Spring Security Authorization Server’s authorization endpoint fails to validate the request_uri parameter, allowing an attacker to supply a malicious request_uri together with an arbitrary redirect_uri. The resulting open redirect can send users to attacker-controlled sites, facilitating phishing or credential‑stealing attacks. This vulnerability is a classic example of CWE‑601 and impacts confidentiality and user trust. The CVSS score of 6.1 reflects a moderate severity, indicating that an attacker can cause potentially harmful redirection if the redirection is used for malicious purposes. The EPSS score is not available and the issue is not listed in CISA KEV.

Affected are Spring Authorization Server versions from 1.5.0 to 1.5.7 and Spring Security versions from 7.0.0 to 7.0.5. These versions are used by applications that rely on Spring’s OAuth2 implementations for authentication and authorization flow. The redirect logic is part of the public authorization endpoint, which is reachable over the internet by design, so any exposed instance of these packages is vulnerable.

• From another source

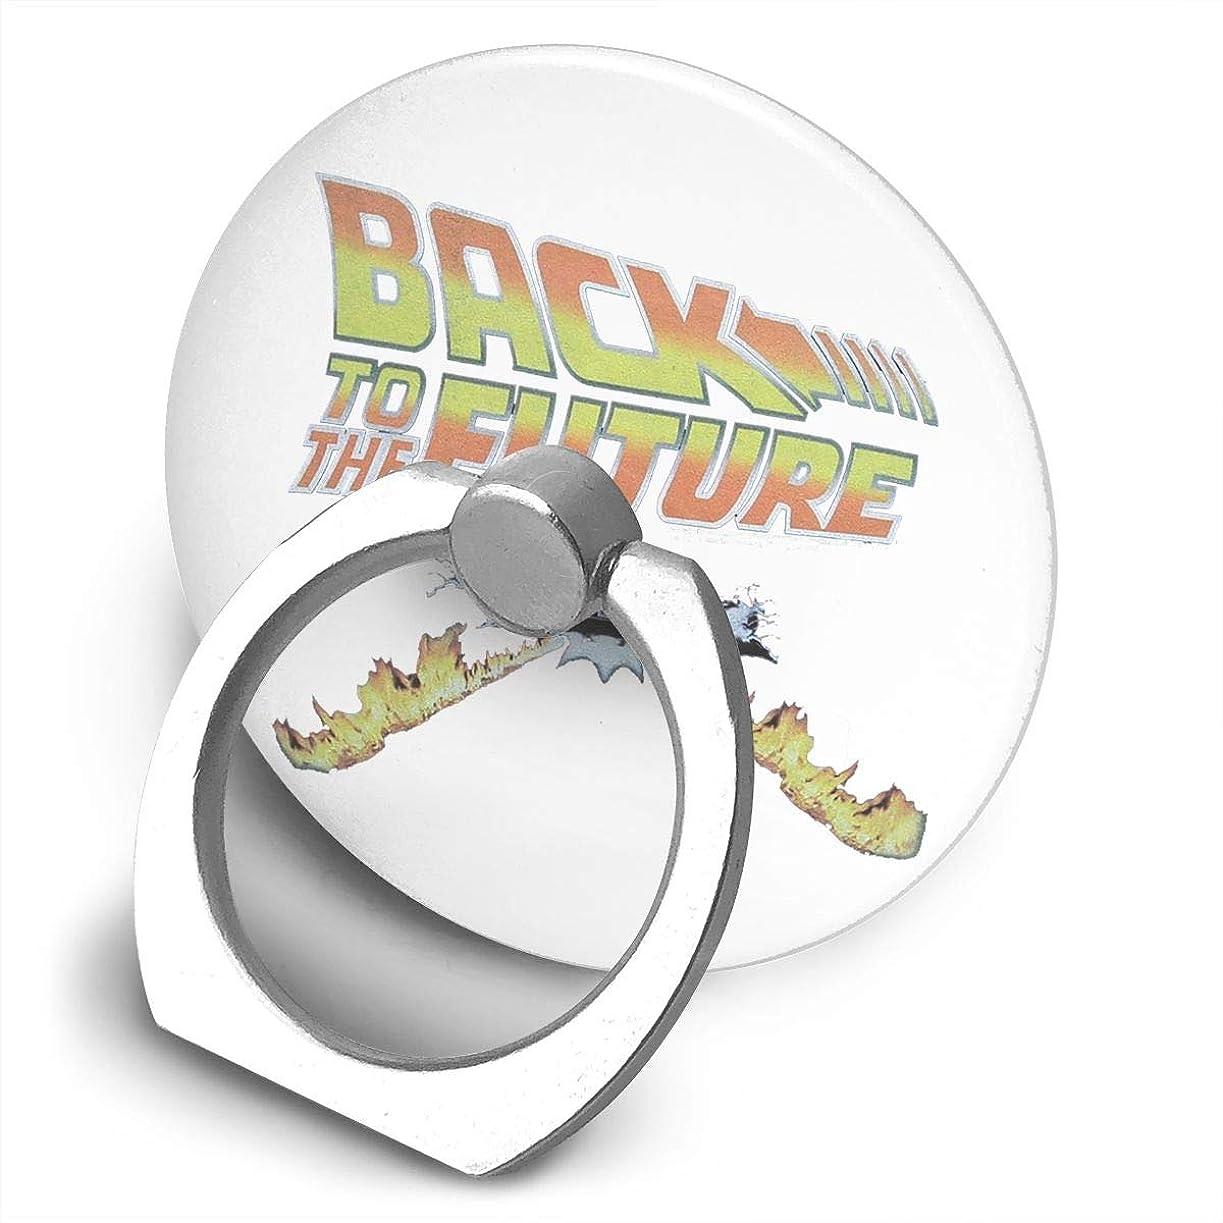 鉱石また願望バックトゥザフューチャー BACK TO THE FUTURE スマホ リング ホールドリング 指輪リング 薄型 おしゃれ スタンド機能 落下防止 360度回転 タブレット/スマホ IPhone/Android各種他対応

The likely attack vector is a crafted HTTP request to the public authorization endpoint. A successful exploitation requires the attacker to supply an invalid request_uri and a valid redirect_uri; if the system accepts this combination, users will be redirected to an attacker-controlled URL. Given the lack of EPSS data, the exact exploit probability is unknown, but the fact that the flaw allows arbitrary redirects indicates a potentially high impact if referenced in spear‑phishing campaigns. Since the vulnerability is not listed in the KEV catalog, there is no evidence of public exploitation, but the theoretical risk remains significant for exposed services.